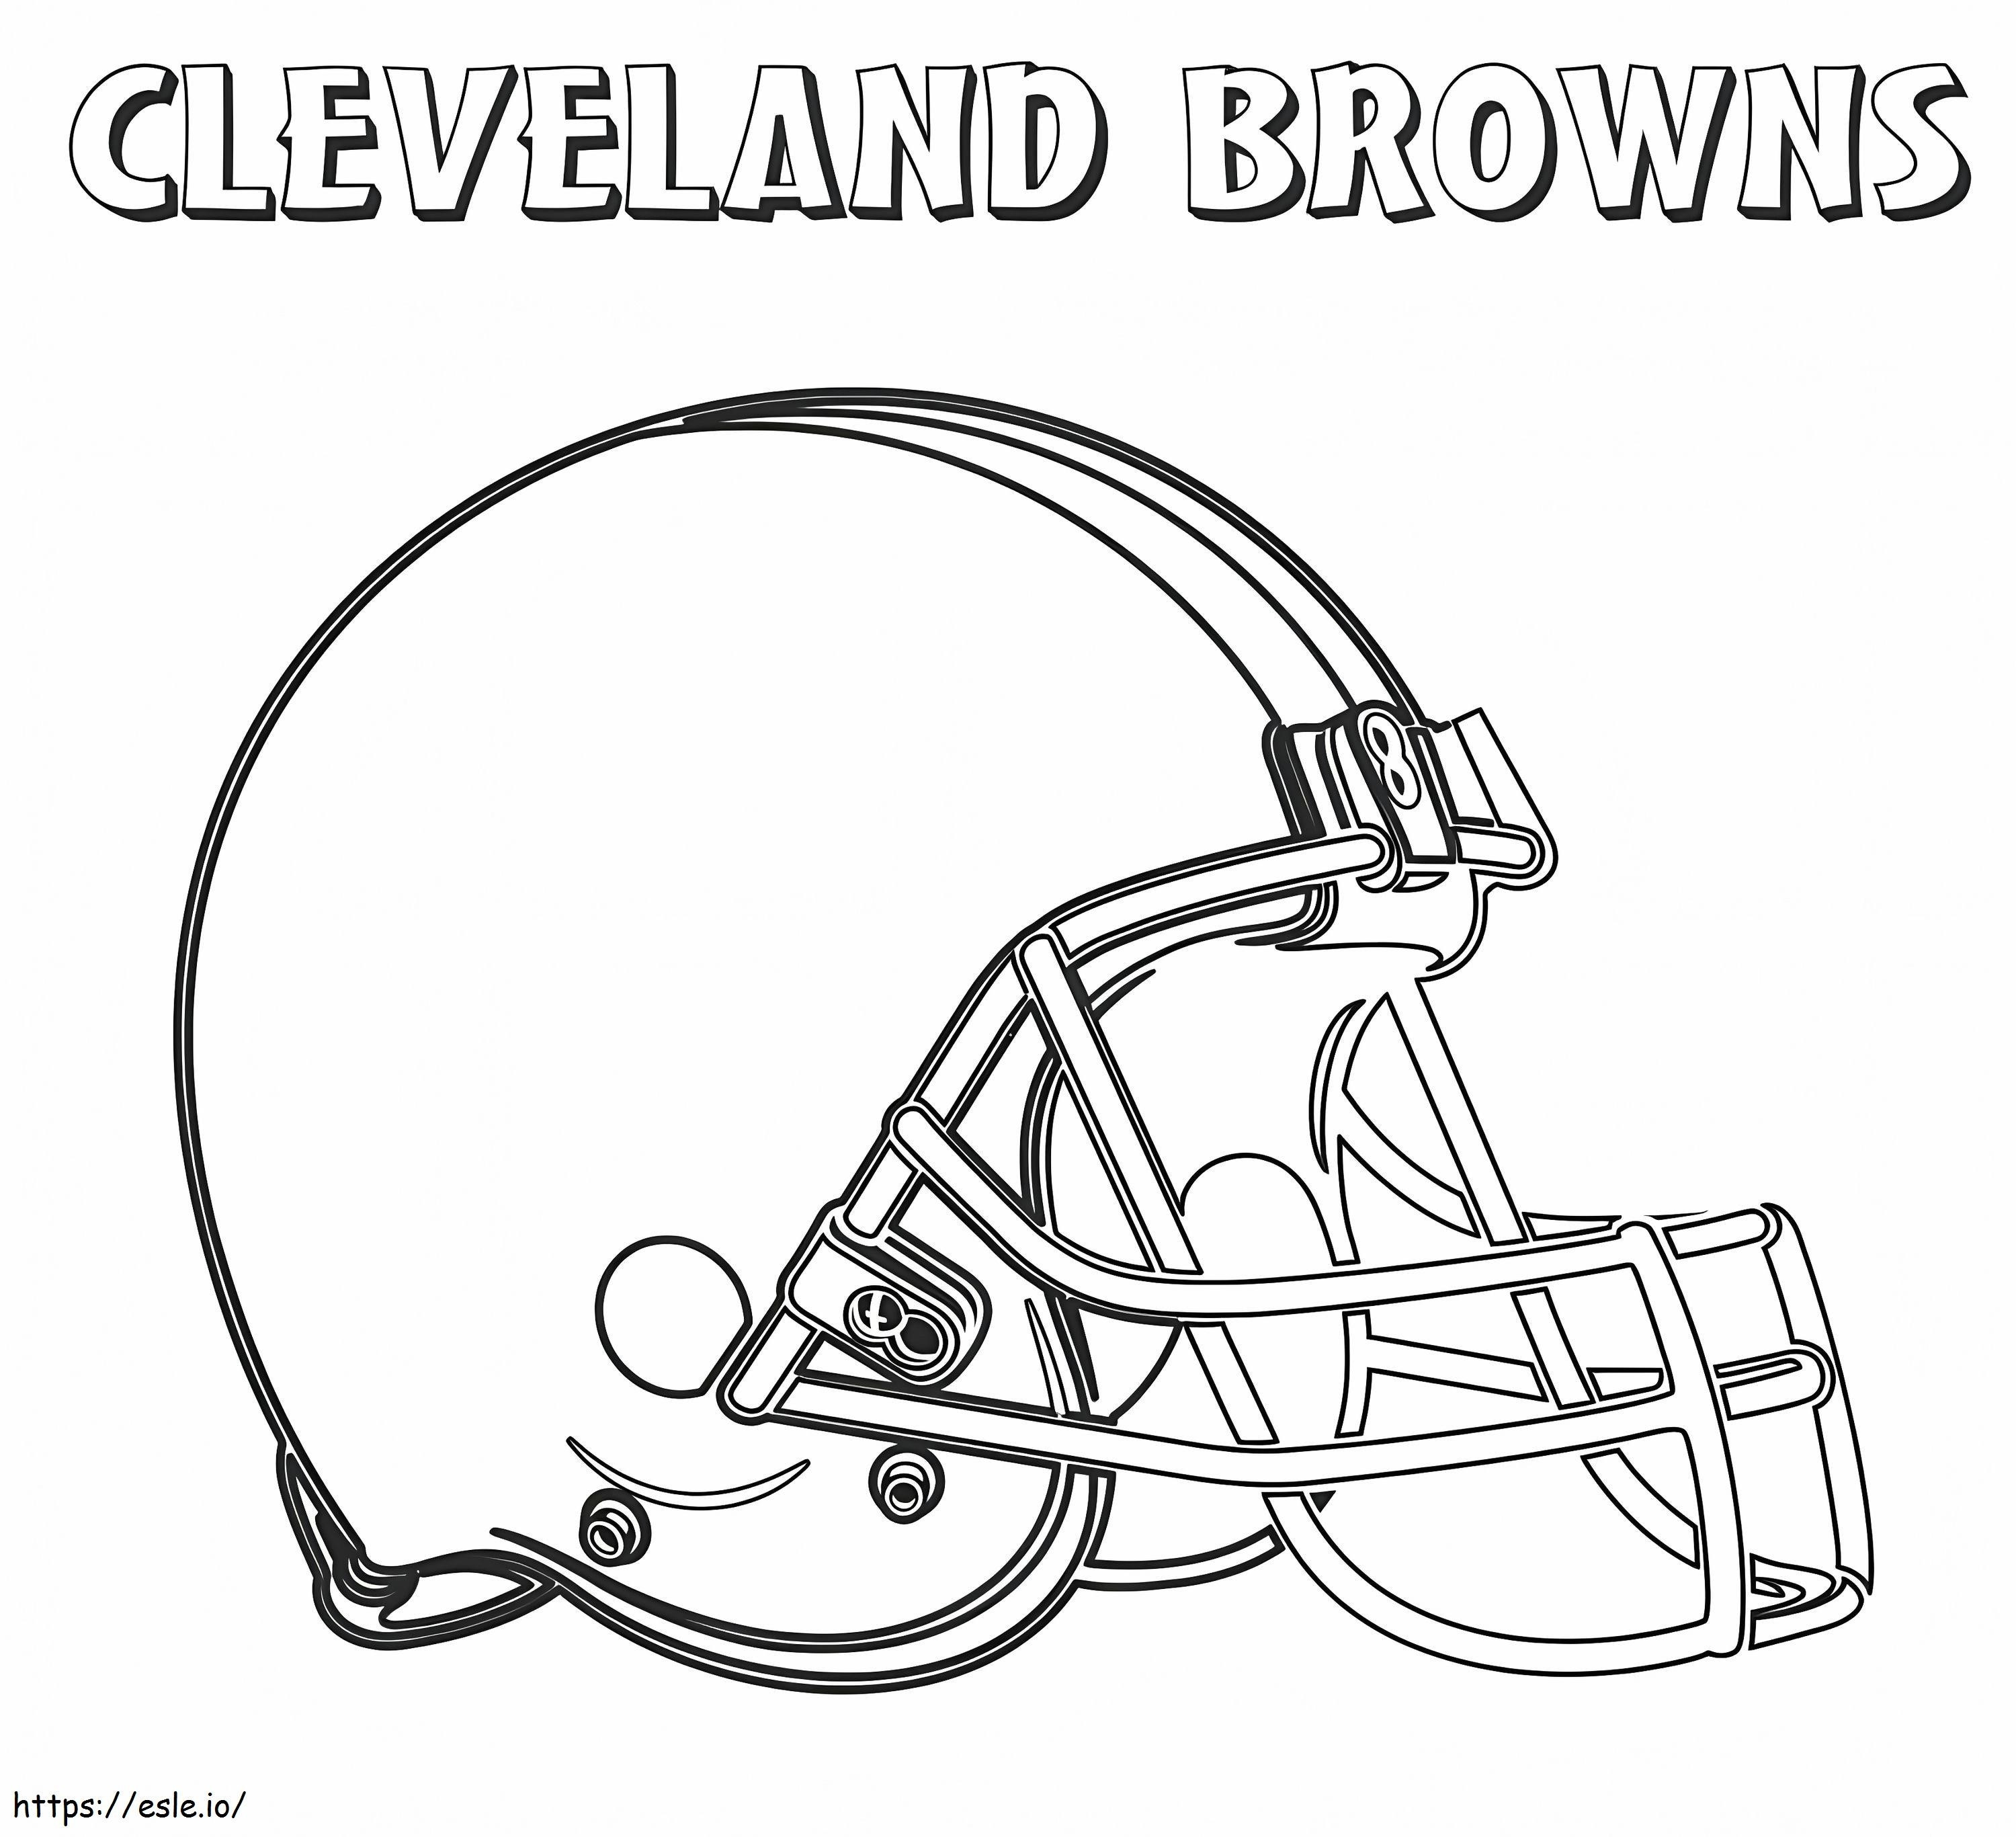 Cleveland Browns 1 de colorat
---
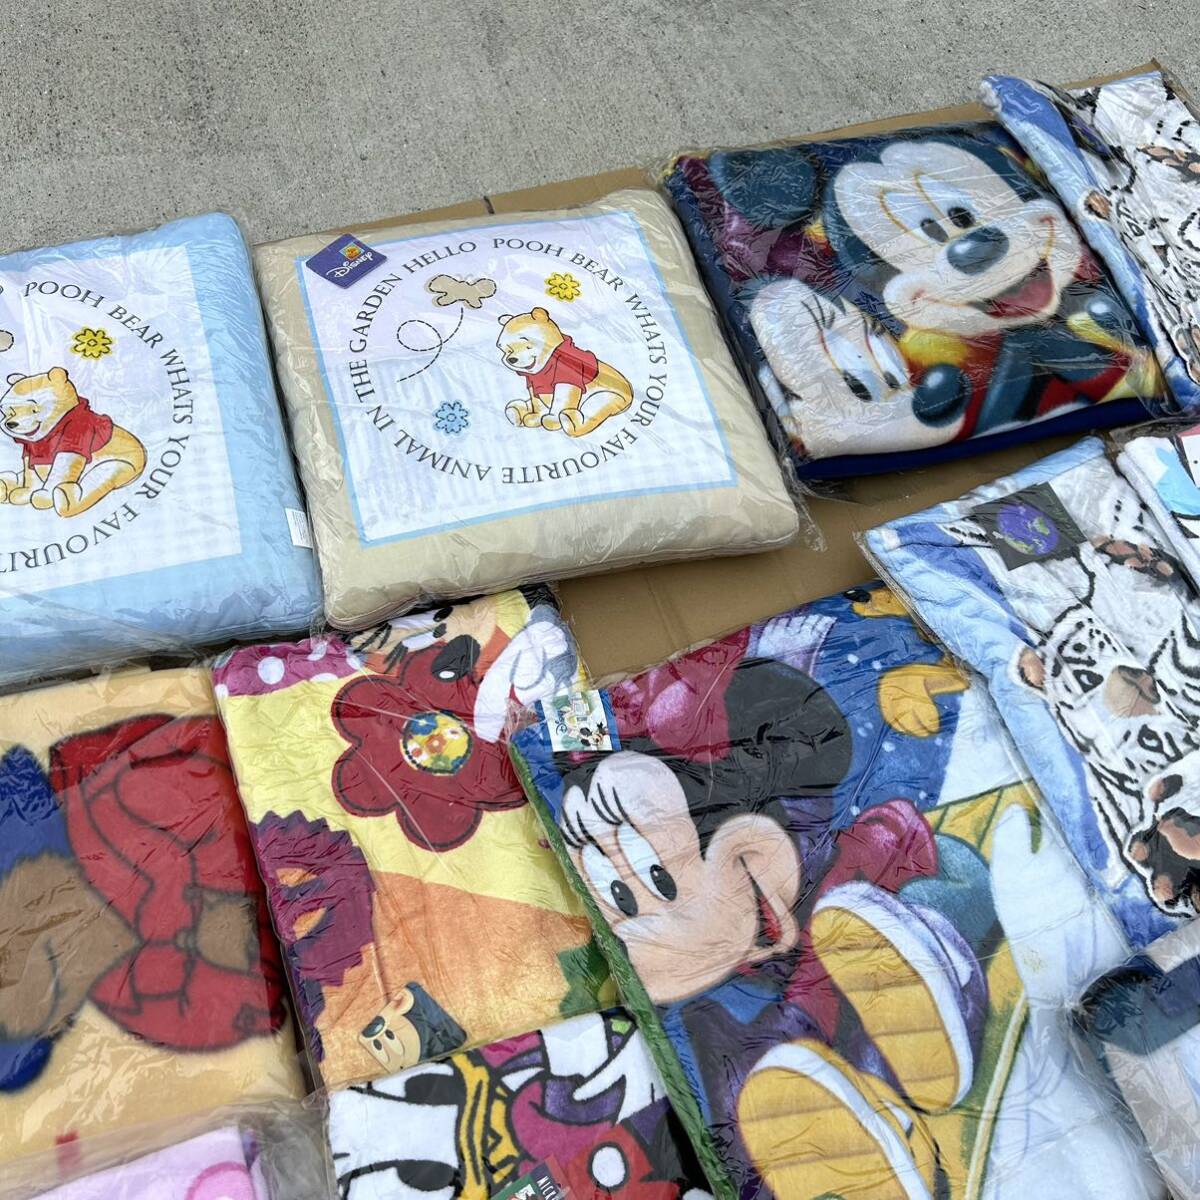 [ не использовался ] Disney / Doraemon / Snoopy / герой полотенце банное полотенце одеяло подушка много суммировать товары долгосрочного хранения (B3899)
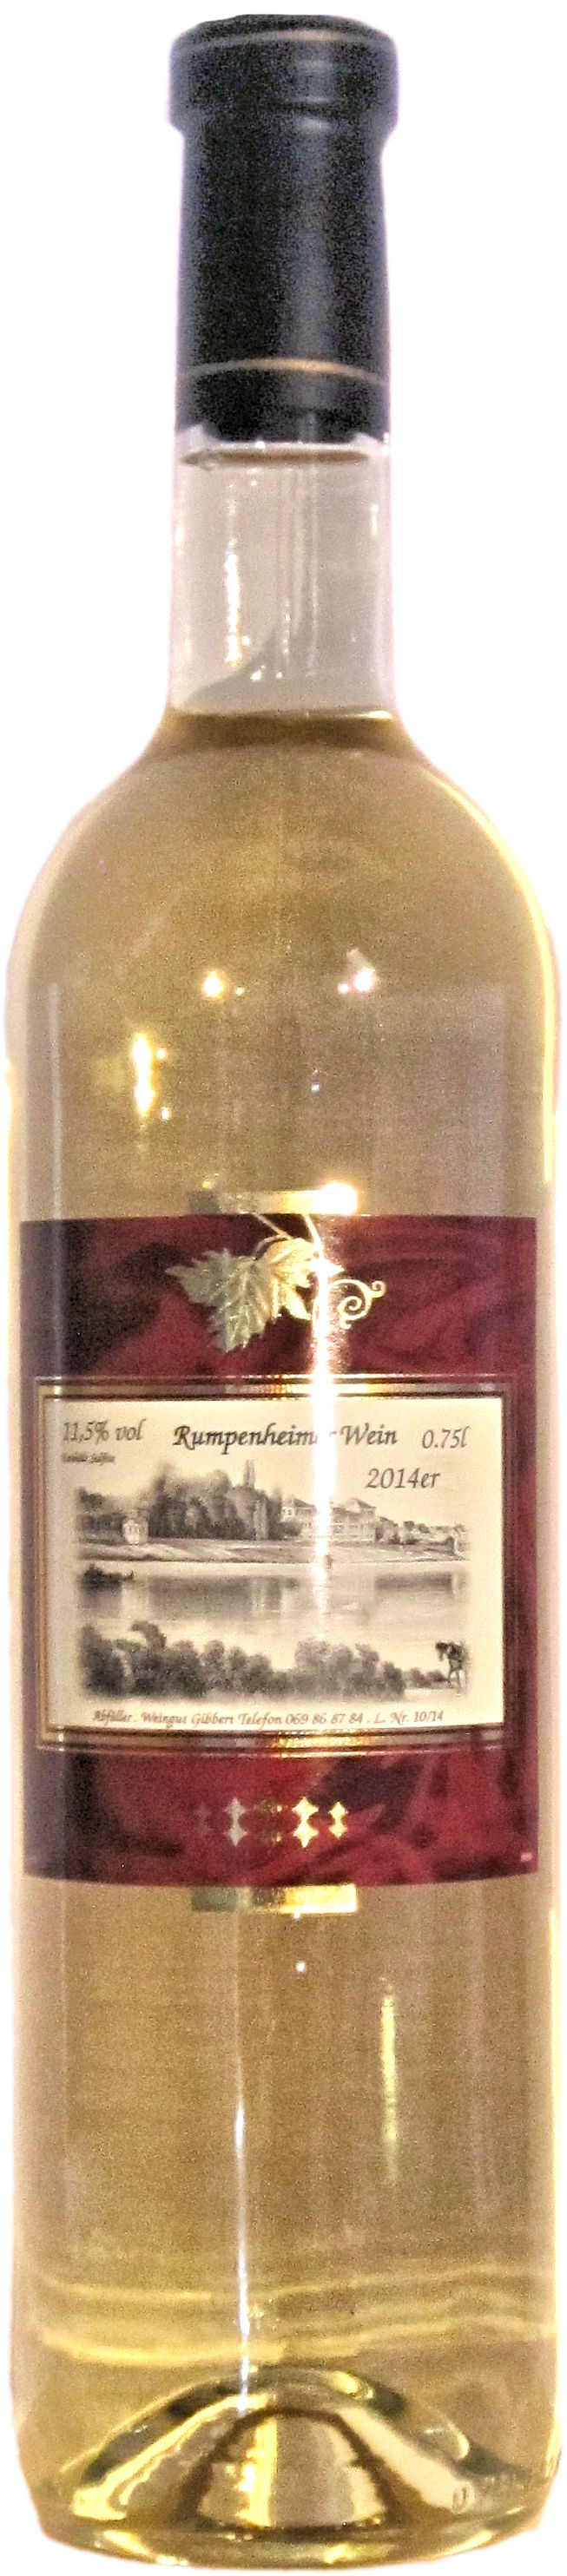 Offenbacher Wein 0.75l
==
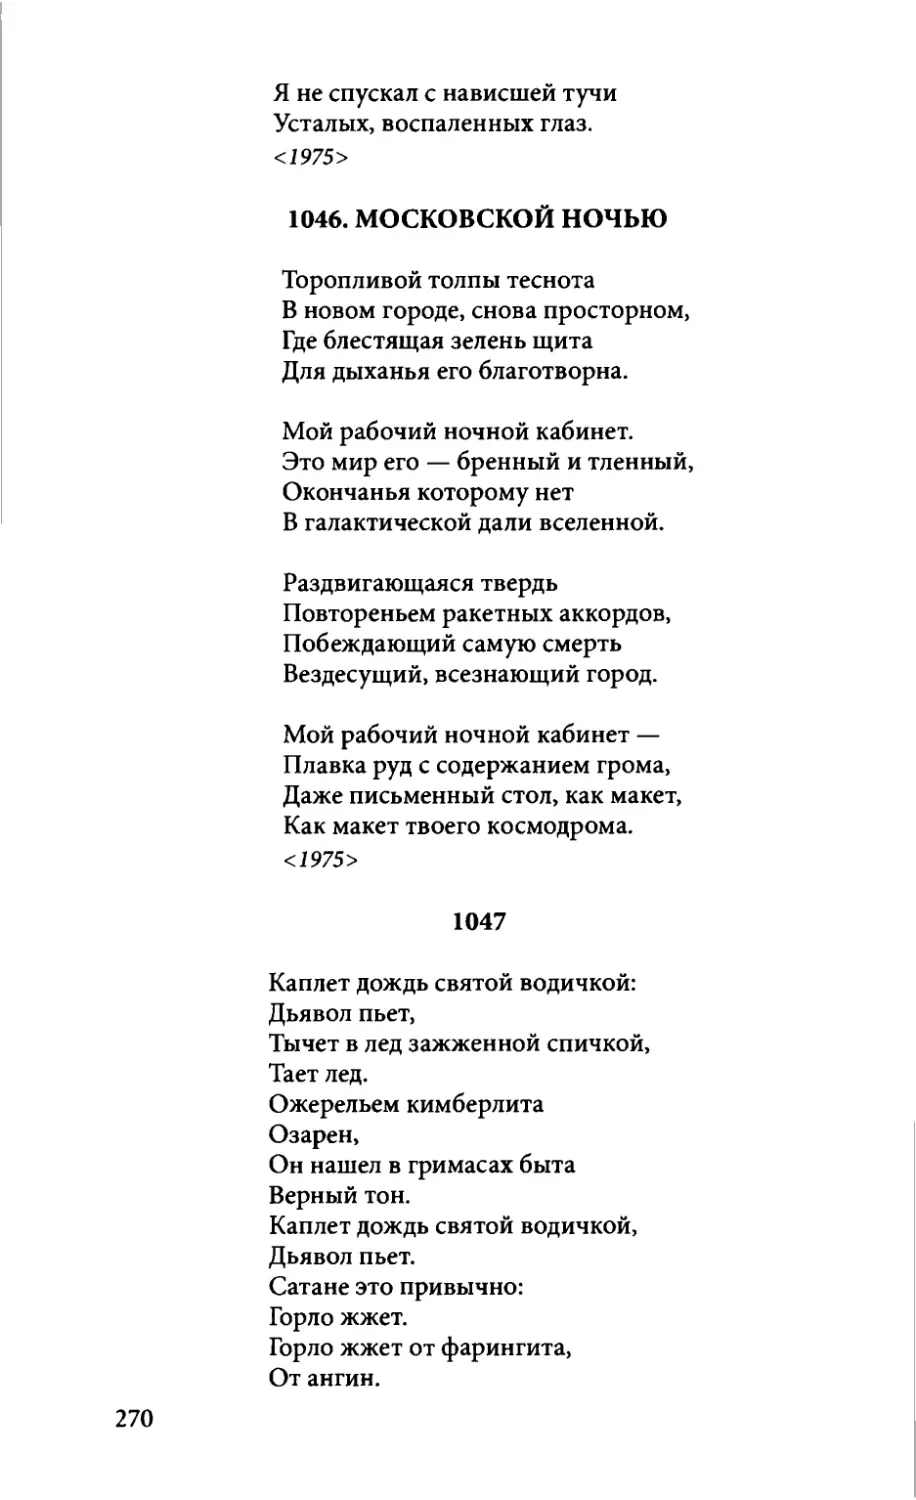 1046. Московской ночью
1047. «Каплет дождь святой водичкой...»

Problem to solve — Copy nothing but the lines above that run from the one with "[ не использовался" to the one with "Offenbacher Wein 0.75l", ends included; pictures stay out.

Reply —
 [ не использовался ] Disney / Doraemon / Snoopy / герой полотенце банное полотенце одеяло подушка много суммировать товары долгосрочного хранения (B3899)
 Offenbacher Wein 0.75l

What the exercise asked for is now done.